• [Activity] Give back the full listing exactly, setting the pictures aside.

• [Source data]
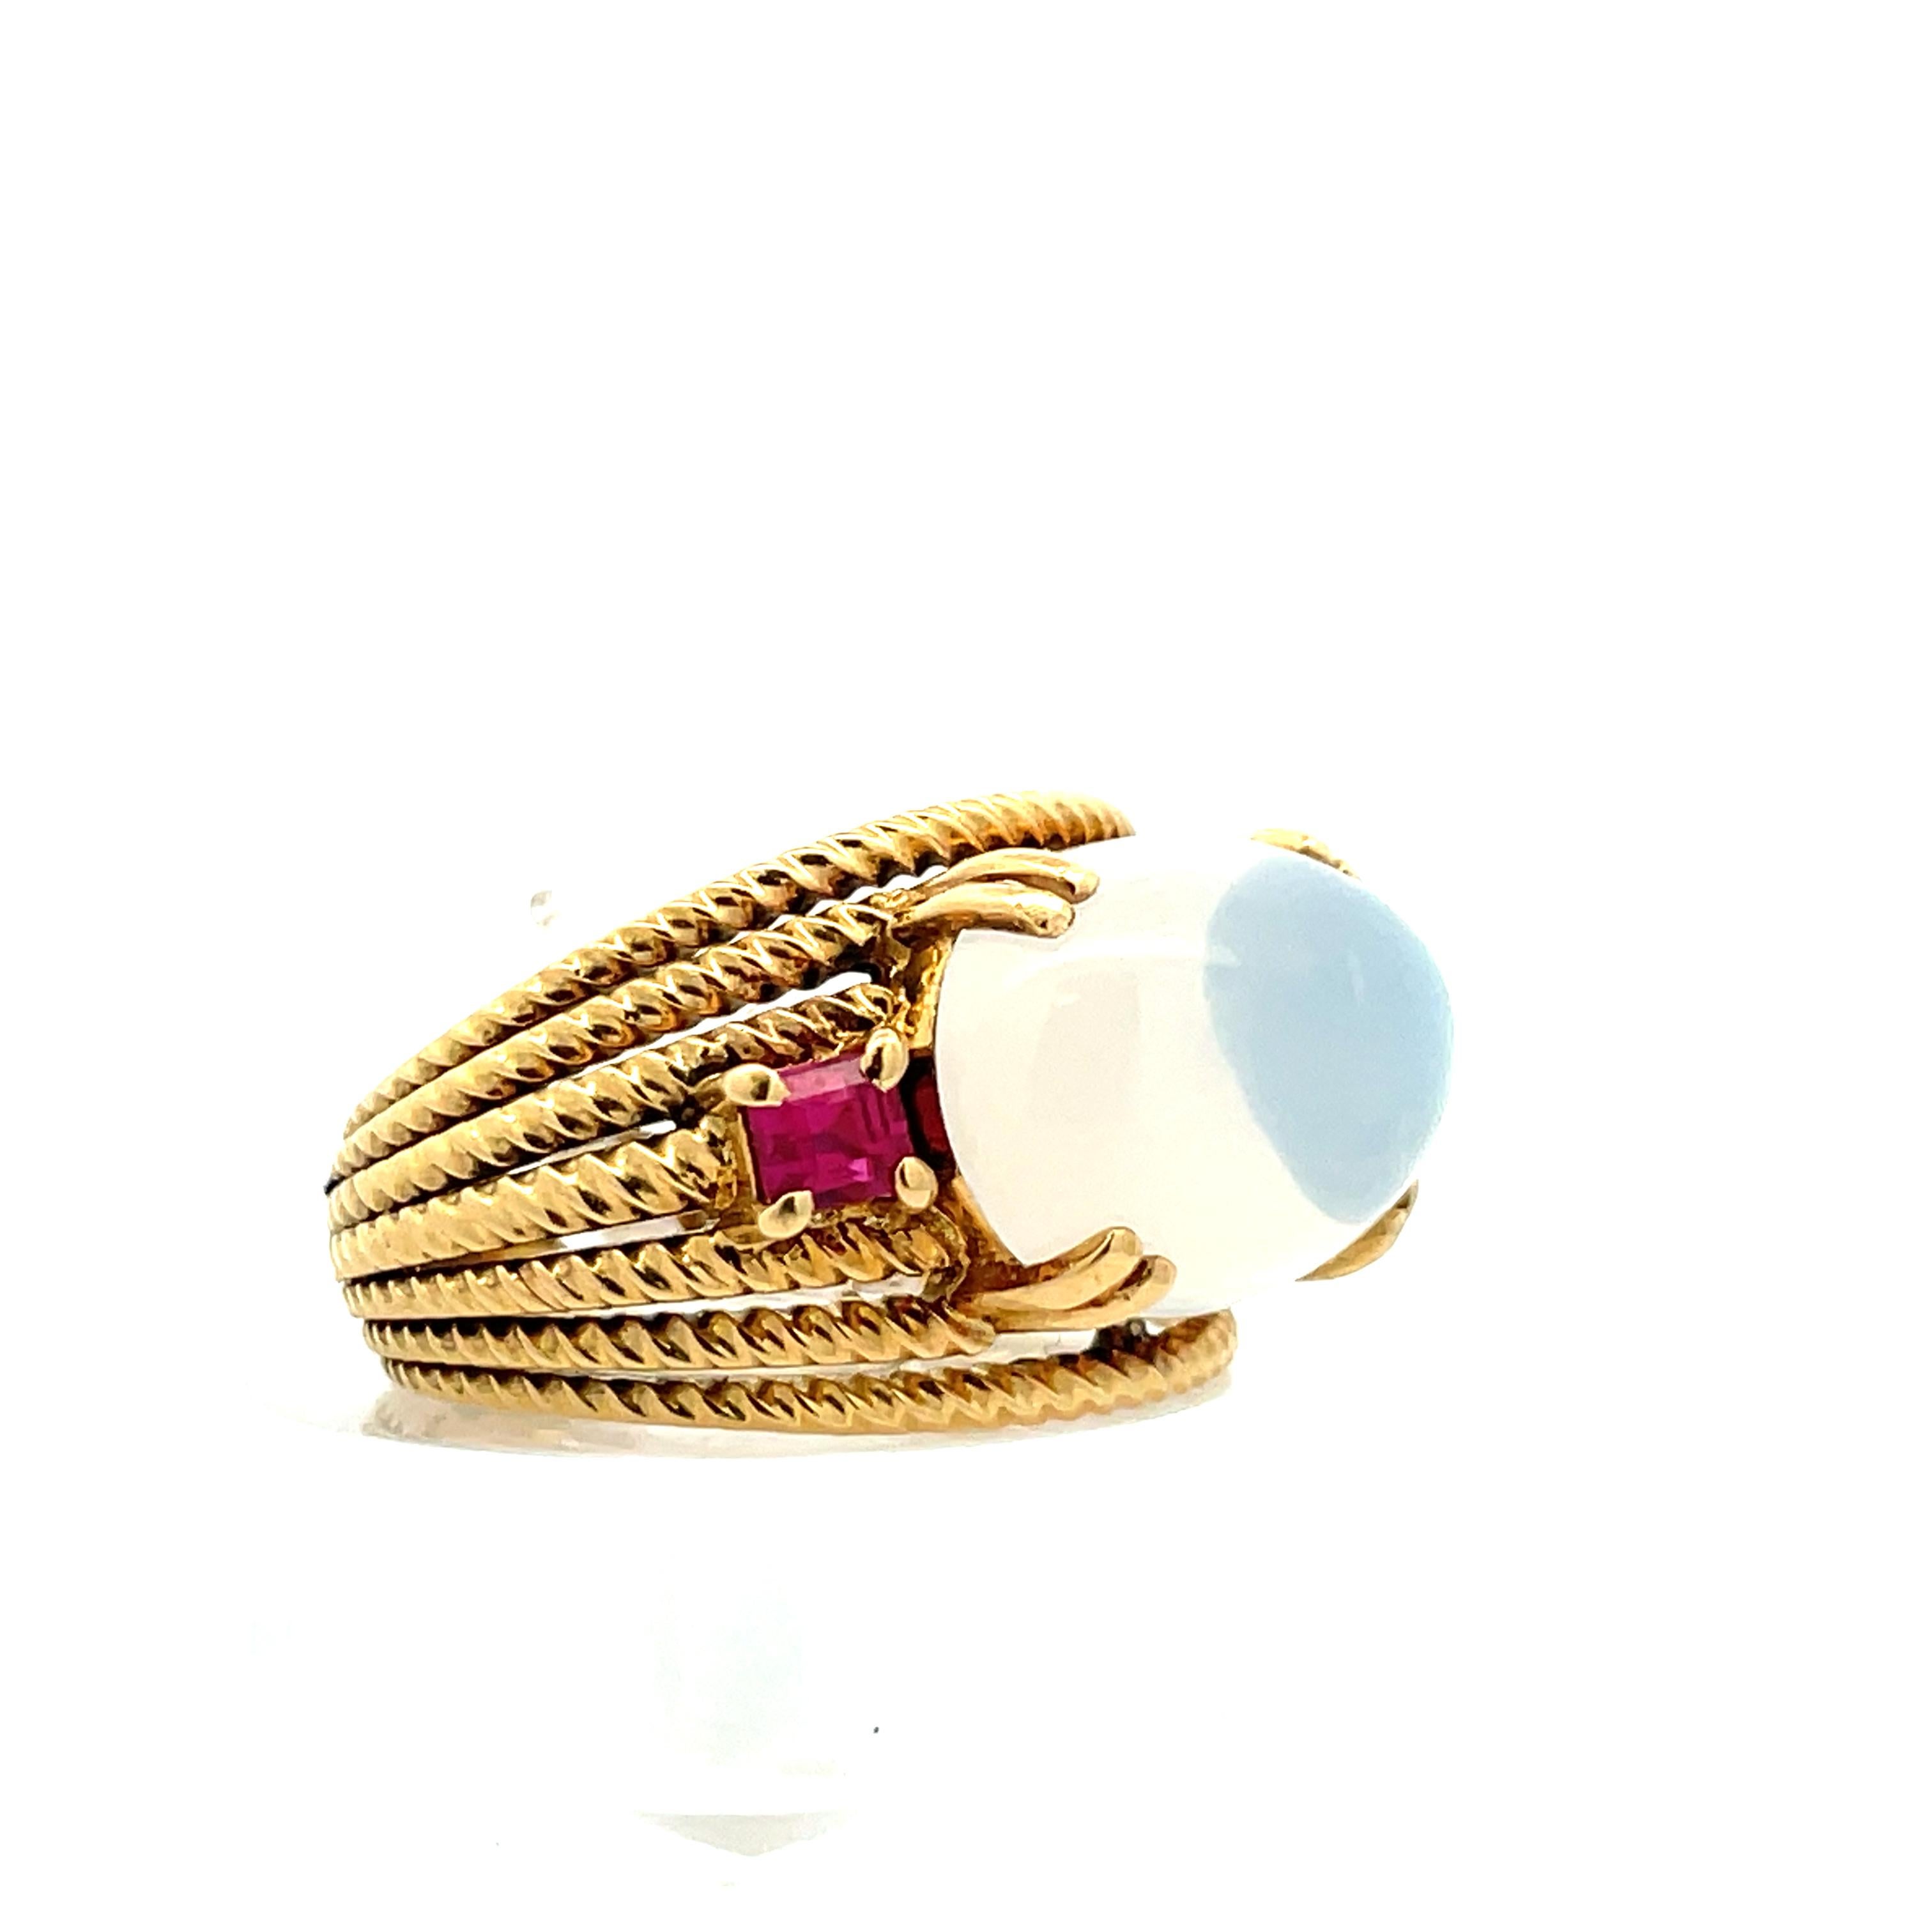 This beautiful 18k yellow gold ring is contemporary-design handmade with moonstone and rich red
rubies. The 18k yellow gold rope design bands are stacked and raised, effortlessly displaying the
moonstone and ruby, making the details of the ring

• [Task output]
 This beautiful 18k yellow gold ring is contemporary-design handmade with moonstone and rich red
rubies. The 18k yellow gold rope design bands are stacked and raised, effortlessly displaying the
moonstone and ruby, making the details of the ring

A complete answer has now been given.